The King's Gambit(43)
“Speaking of that unfortunate man,” I said, “how did he meet his end?”
Father’s eyebrows went up. “How should I know? You’re the one who was not home to receive the vigiles’ report. Go ask the captain. He’s here someplace.”
I hurried off to push my way among Father’s clients in search of the captain of the vigiles of my own ward. I found him sleepily downing some leftover cakes along with some elderly wine, heavily watered. I grasped his arm and whirled him to face me.
“What happened?” I demanded.
“Well, sir, you weren’t home and so I came here to the home of the praetor your father, just as you said for me to do, should you not be able to—”
“Splendid!” I all but shouted, drawing some strange looks from Father’s other clients. “You’ve remembered your duty admirably. Now, what happened last night?”
He began to tell me of the events of the night before. He had been stomping through the streets at the head of his bucket-bearing men when a hysterical slave ran up to him and begged him to come at once. An important man had been killed, by violence.
“How was Paulus killed?” I asked.
“Strangled, sir, with a bowstring garrote, it looked like. Just like that freed gladiator a few days ago, now that I think about it.”
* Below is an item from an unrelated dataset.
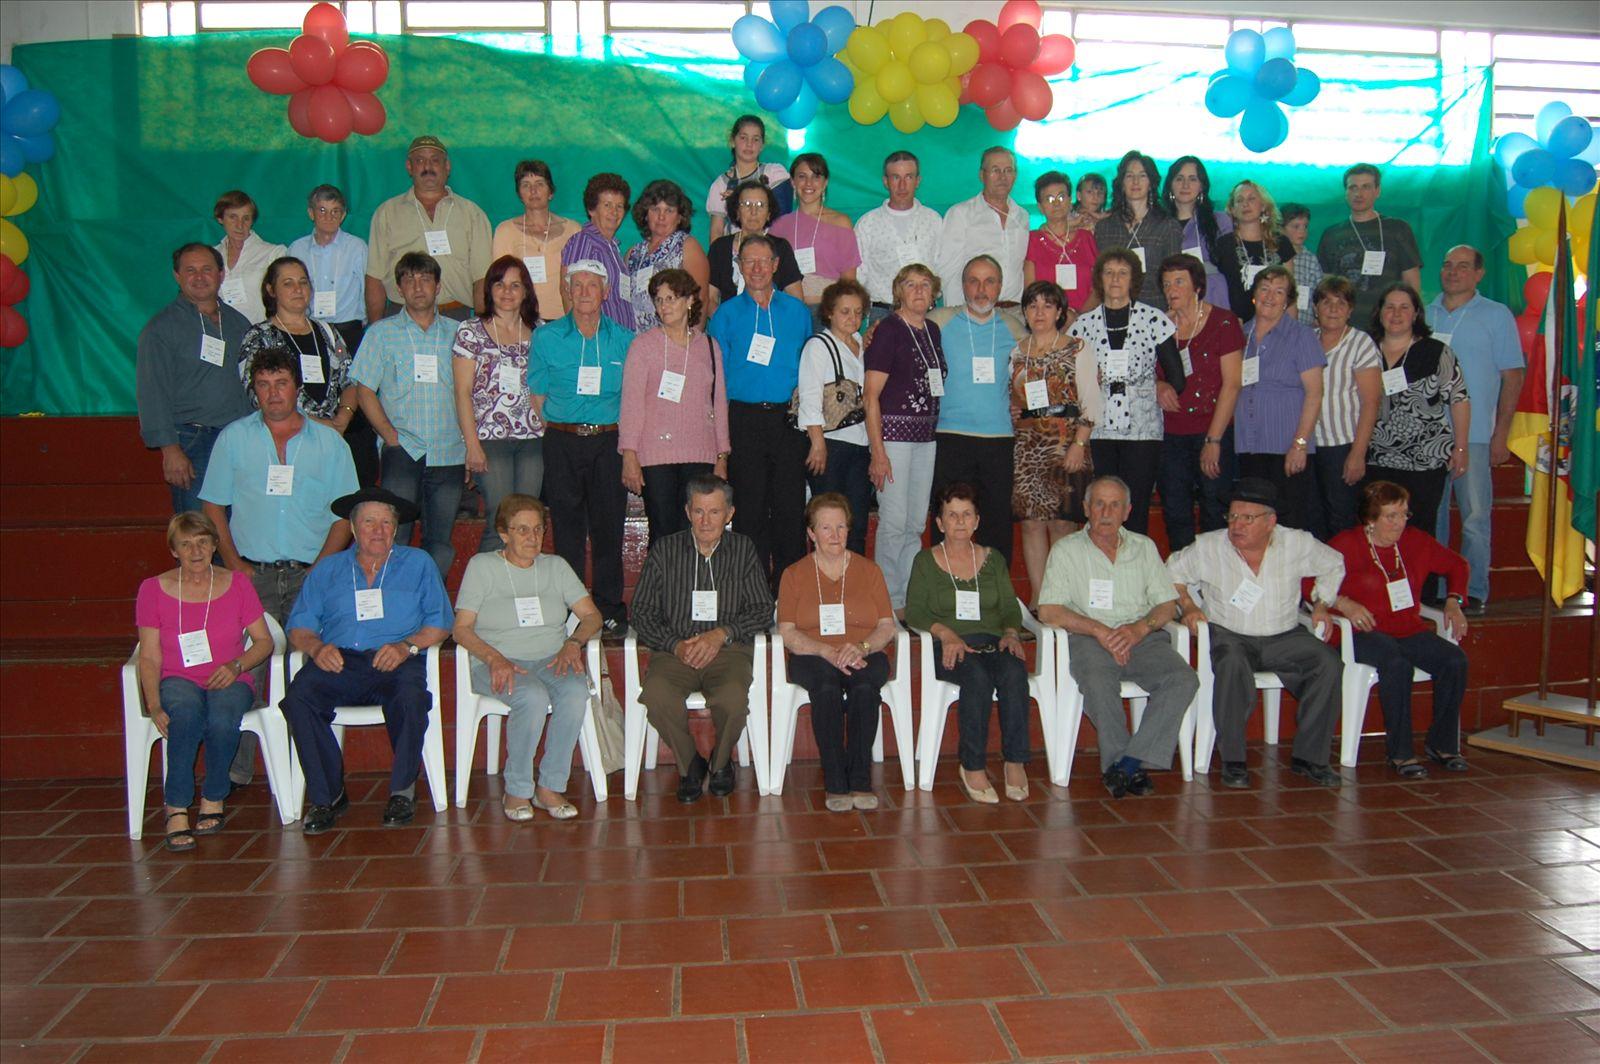 2º Encontro Família Cornelli - 11.10.2009 (185)_0

“Say you so?” I commented. “What was the condition of his household?”
“Didn’t check. I posted a guard at the door and ordered that no one was to leave; then I ran to your house. From there I came here. It hasn’t been an hour since Paulus’s slave stopped me.”
I tried to think, a difficult process since I had not yet shaken off the effects of the previous night. What had Claudia slipped into the wine? I recalled the bitter undertaste now. It was just like a Claudian to adulterate one of the finest wines in existence. In an odd way, it was comforting to know that I had been drugged. It gave me an excuse for behaving like a demented satyr.
I returned to my father’s side. “Father, I must conduct an investigation at once. May I borrow your lictors? I have to get there before the officials show up. The slaves will have to be confined until the murderer is identified. There will be a terrible scramble to lay hands on Paulus’s wealth. I don’t believe he had a son.”
“Very well.” Father gestured and two lictors joined us. “I shall be there myself sometime today, as Urban Praetor. What a tangled mess this will be. It always is when one of these rich freedmen dies. No proper family to lay claim to his property. Had he a wife?”
“I shall find out,” I promised.
“Be off with you, then. Have a report ready for me when I arrive.”
As we left Father’s house, my clients trooping behind, I told one of the lictors, “Go to the Ludus of Statilius Taurus and summon the physician Asklepiodes. Fetch him to the house of Sergius Paulus.” The man marched calmly away. It is useless to demand that lictors run. They are too conscious of their own dignity.
At least now I had something to distract my mind from my ringing head and heaving stomach. The news would be all over the city soon. Murder was not uncommon in Rome, but the murder of prominent men is always a matter for scandal. There had been a time, not so many years before, when no one would have blinked at this. During the proscriptions, Senators and equites had been slain in droves. Informers had been given a part of the seized property of a denounced traitor, so any rich man was at risk. But men have short memories and more recent years had been peaceful and prosperous. The murder of the richest freedman in Rome would occupy the conversation of idlers for days.
The vigile leaned against the doorpost of Paulus’s house, half-asleep, when we arrived. Blinking and yawning, he assured me that nobody had been past him since his captain had gone off in search of me. He stood aside and I passed through, along with my lictor and clients. I turned to Burrus, my old soldier.
“Check through every room. Find whether there are other exits or windows large enough for a man to crawl through.” He nodded and strode purposefully off. A fat, distressed-looking man came rushing up, bowing and sweating.
“Sir, I am so glad you have come. This is terrible, terrible. My master, Sergius, has been murdered.”
“So I’ve heard. “And you are … ?”
“Postumus, the majordomo, sir. Please come—”
I cut him off with a wave of the hand. “Assemble all the house slaves at once in the peristylium,” I ordered. “Has anyone left the house since the body was discovered?”
“Absolutely not, sir. And the household staff are already gathered, if you will come with me.”